Натыкаюсь взглядом на ещё двух… «собеседников»: багровый от бешенства летёха, царапающий крышку кобуры и фрицевский недоофицер с презрительным выражением хари и наглой ухмылкой. Картинка, в принципе, понятная. Издевается тварь.
Ну… Я не под арестом и не под конвоем. Почему бы и не подойти? Подхожу.
- Товарищ лейтенант! Разрешите обратиться! - ну, а чего мне: борзеть так борзеть – дальше фронта-то не пошлют, тем более что я и так здесь.
- Обращайтесь.
- Товарищ лейтенант! Разрешите я этому… гражданину пару слов скажу. Я же его в плен брал – вдруг совесть у него проснётся.
Летёха хмыкает со скептической гримасой, но:
- Ну попробуй ефрейтор. Скажи.
- Только, товарищ лейтенант! Я по-немецки ни в зуб ногой. Не переведёте?
Снова хмыкает:
- А давай переведу.
Поворачиваюсь к фрицу. Смериваю его взглядом. Не реагирует. Не боится. Ну… Это пока.
Захватываю его левую (не стрелянную) грабку, засаживаю «расслабляющий удар» сапогом в бедро (не надо его ломать – не время пока), провожу «рычаг внутрь», удерживаю руку на излом. Начавшиеся причитания на немецком пресекаю вбитой в фрицевскую пасть его же пилоткой. Прожимаю руку и заставляю гипер-унтера распластаться в пыли. Фиксирую, уперев своё колено ему между лопаток. Нащупываю нервный узел за ухом и надавливаю пальцем. Фриц конвульсивно выгибается, хрипит. Отпускаю через несколько секунд. Три секунды пауза – повтор. Отпускаю. Три секунды – повтор. И так ещё несколько раз. Не задавая вопросов и ни слова не говоря. Слышу скулёж и всхлипы фрица – теперь можно и поговорить. Вытягиваю из пасти фельдфебеля обслюнявленную пилотку и ровным безэмоциональным голосом начинаю:
- Переводите, товарищ лейтенант. Слушай меня, дойче юбершвайн. Сейчас я уйду, и с тобой будет говорить товарищ лейтенант. Он тебе будет задавать вопросы, и ты будешь на все его вопросы отвечать быстро, точно и вежливо.
Снова вдавливаю палец в нервный узел. Отпускаю.
- Ты меня понял, юбершвайн?
- Ja! Ja! Naturlich, Herr Ofizier! Javoll, Herr Ofizier! («Ja! Ja! Naturlich, Herr oficier! Jawoll, Herr Oficier!» – «Да! Да! Конечно, господин офицер! Слушаюсь, господин офицер!» (нем.))

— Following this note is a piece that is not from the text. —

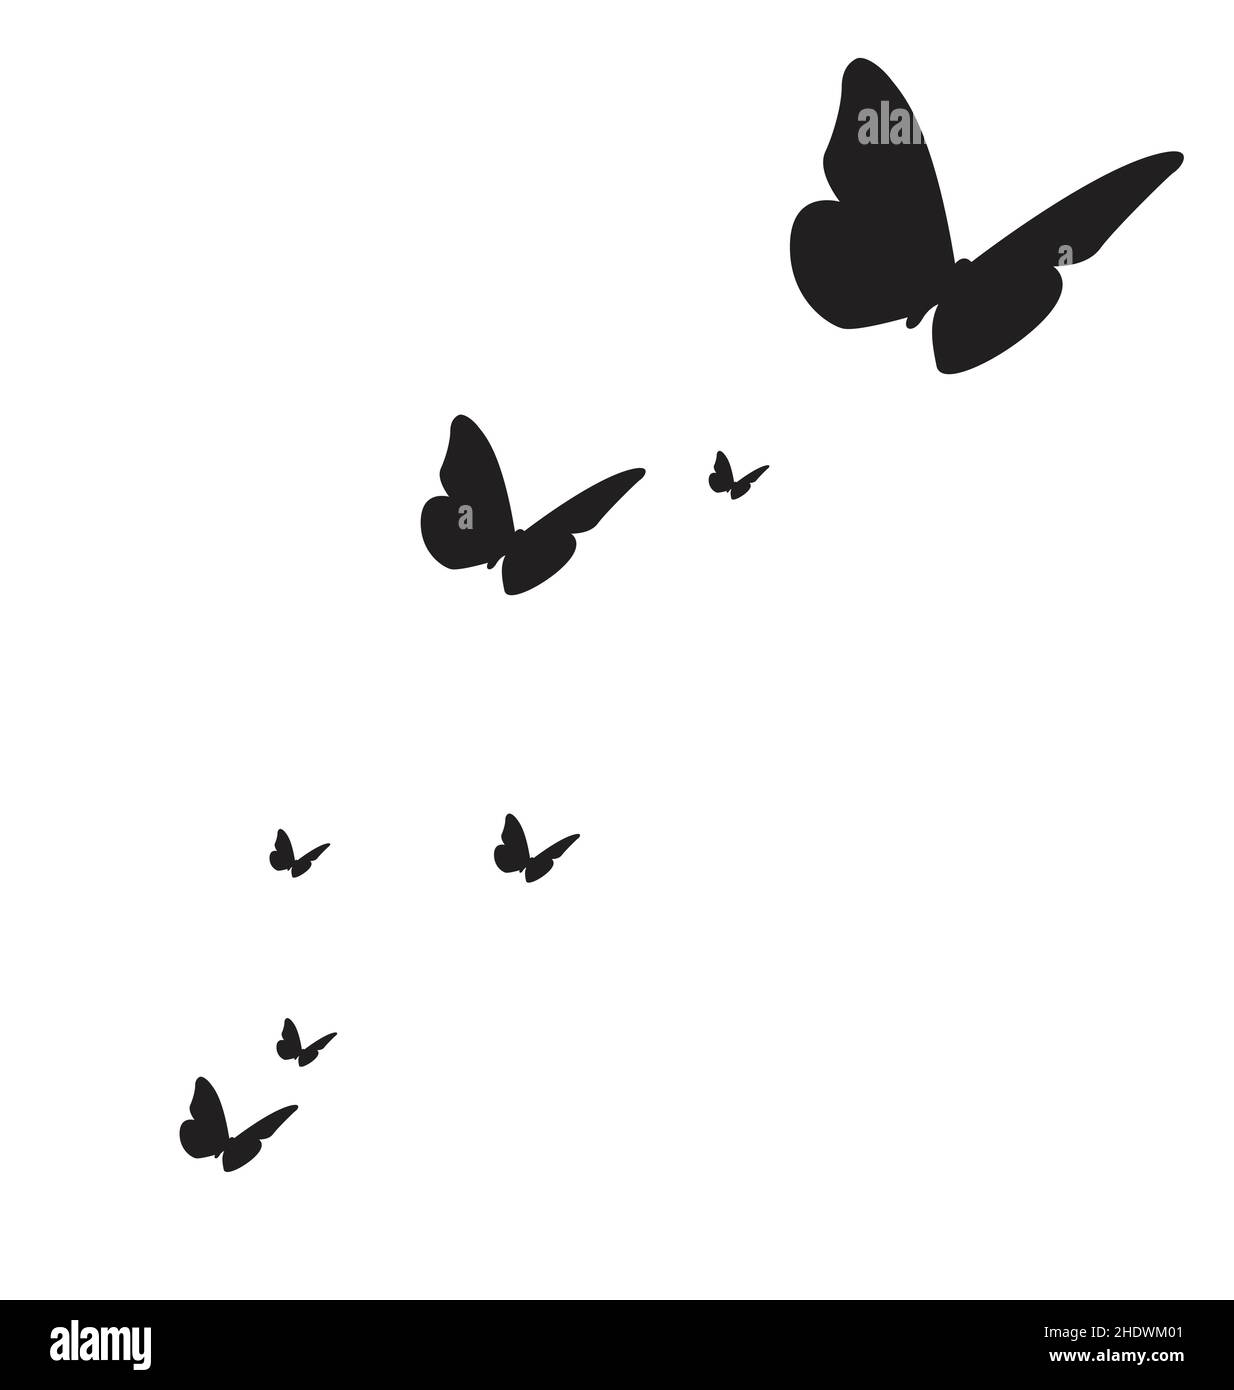 Fliegende schmetterlinge silhouette schwarz mit

- Заткнись. Слушай дальше. Если ты, юбершвайн, посмеешь хоть раз, хоть чем-то расстроить товарища лейтенанта – я вернусь.
Снова давлю на нервный узел. Отпускаю.
- Ты меня понял, юбершвайн?
- Ja! Ja! Ich verstehe Sie, Herr Offizier! («Ja! Ja! Ich verstehe Sie, Herr Ofizier!» - «Да! Да! Я понял вас, господин офицер!» (нем.))
- Отлично.
Отпускаю захват поворачиваюсь к летёхе.
- Товарищ лейтенант! У него совесть проснулась. Ответить на ваши вопросы хочет.
- А ты, ефрейтор, однако, зверюга ещё тот… - Поворачиваюсь на голос. Вижу давешнего старлея ГБ. Стоит, смотрит задумчиво.
- Извините, товарищ старший лейтенант Государственной безопасности. Наглости не выдержал.
- А выдерживать надо, ефрейтор. За мной.
Иду вслед за старлеем ГБ. Возвращаемся под навес, за тот же стол. Старлей, поглядывая в протокол моего опроса, прогоняет повторный разговор. Вопросы более заковыристые, более интересно закрученные. Хотел бы соврать – вряд ли смог бы. Добавляется тема моих навыков – где научился воевать, и кто учил «склонять к разговорчивости», например. Отвечаю в том духе, что всему учил меня старшина Сидорчук, начиная с февраля сего года, а сам он научился на Финской, в разведке служа. Как и у кого именно он там учился не рассказывал. Подробностей службы тоже. (Прости старшина – валю на тебя всё подряд…)
Вроде бы снова благополучно прокатило. Хотя… Дальше видно будет. Старлей на лопуха не похож, да и младшой не телок ни разу. Если они и подозревают что-то – виду не подадут вплоть до моего ареста. Но будем надеяться на лучшее.
ЧАСТЬ 7. Особый отдел.
Притащенный нами с Алтаевым «язык» рассказал что-то такое, что подвигло стоящий перед мостом батальон к гиперактивности, выразившейся в отправке разведдозора на западный берег и спешной смене позиций. Активно работая лопатами, и проклиная всё на свете бойцы кинулись вгрызаться в землю, а нам минут через пять поступила другая вводная.
По команде мы навьючились своей снарягой, закинули недоофицера в кузов полуторки, сами влезли туда же и укатили вслед за «эмкой» (Прим.: «Эмка» - советский легковой автомобиль ГАЗ М-1.) особистов, как выяснилось позже, в расположение штаба 113-й дивизии.
Вышли мы, к слову на позиции одного из её стрелковых полков. Мой полк, выдвинутый к самой границе, немцы раскатали в блин в первый же день. Откатиться получилось у нескольких дезорганизованных групп красноармейцев. И я… Вышел вот… Дуракам везёт.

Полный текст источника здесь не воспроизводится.